Tuesday, September 28, 2010

BLUES DOWN UNDER

adrian kosky

Adrian Kosky is an Australian musician who plays American music rooted in blues with stretches into country and various styles of playing. Four years or so ago he traveled around America getting acquainted with acoustic musicians along the way. The picture above was made in 2006 at Cullowhee NC at a dulcimer workshop. He doesn't play a dulcimer like anybody you see at a fiddlers convention playing dulcimer. He plays it his own way. He goes at it like you would a guitar or banjo, though holding it on his lap.
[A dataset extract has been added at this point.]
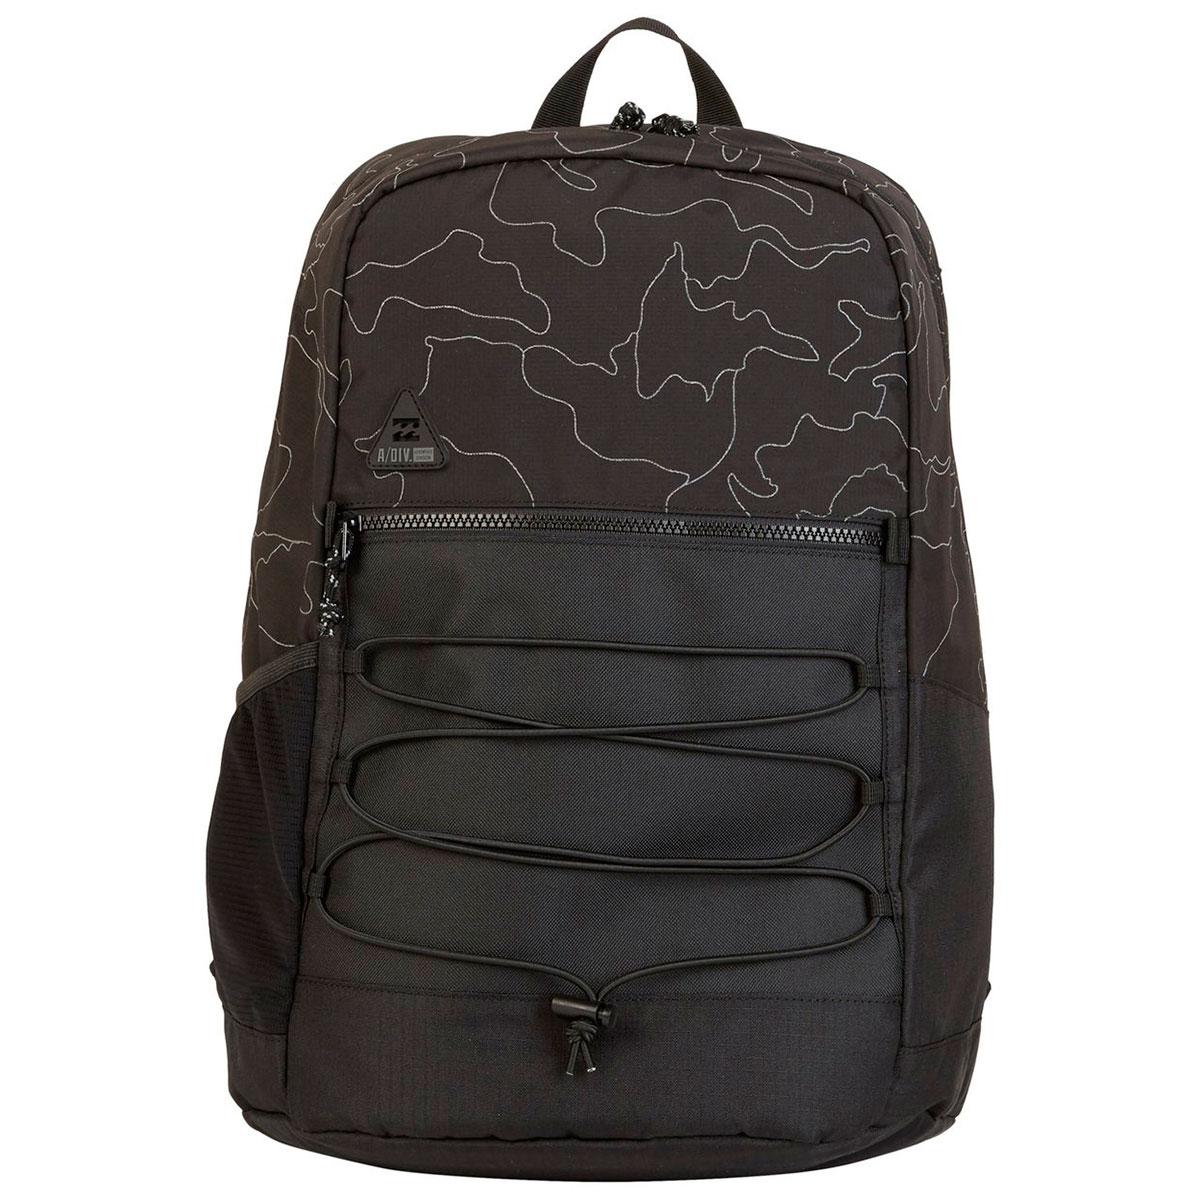 Рюкзак Billabong Axis Day Pack

He finds new sounds, new ways of playing it.

A year or less ago he found my blog online in Australia. He wrote and introduced himself. He is a busy man. He has created something of an artist colony for musical and visual arts. It's in south central Australia. We wrote back and forth a bit. I recently found one of his cds called Dirty White Blues and like it. It's playing now. Finally, today it occurred to me to look him up at YouTube and there he was, playing dulcimer, taking it seriously as an instrument, making it sing. I could see him at the Front Porch Gallery in Woodlawn on a Friday night. Scott could work with him musically very well. Australia is a bit of a journey to make for gas money. Hearing so much live music in these mountains I've come to appreciate musicianship more and more as years go by.

This evening I searched "galax banjo" at YouTube and listened to all of the top 10 bluegrass banjo pickers this year. All I could think was I'm glad I'm not in a position to judge them. They all sound equally good to my untrained ear. It seemed like #8 was a perfect match with #1. The one I enjoyed the most was #4. Stevie Barr was #1 and he was awfully good. His performance was flawless. The music flowed with him. All I could figure on why none of the others got first was probably a missed note or loss of the rhythm for a split second. I tried to listen to why Linwood Lunsford got #8 and didn't feel like #2 was really better than him. But I don't know what judges listen for, and I hope all judges are musicians. I listen to music uncritically now.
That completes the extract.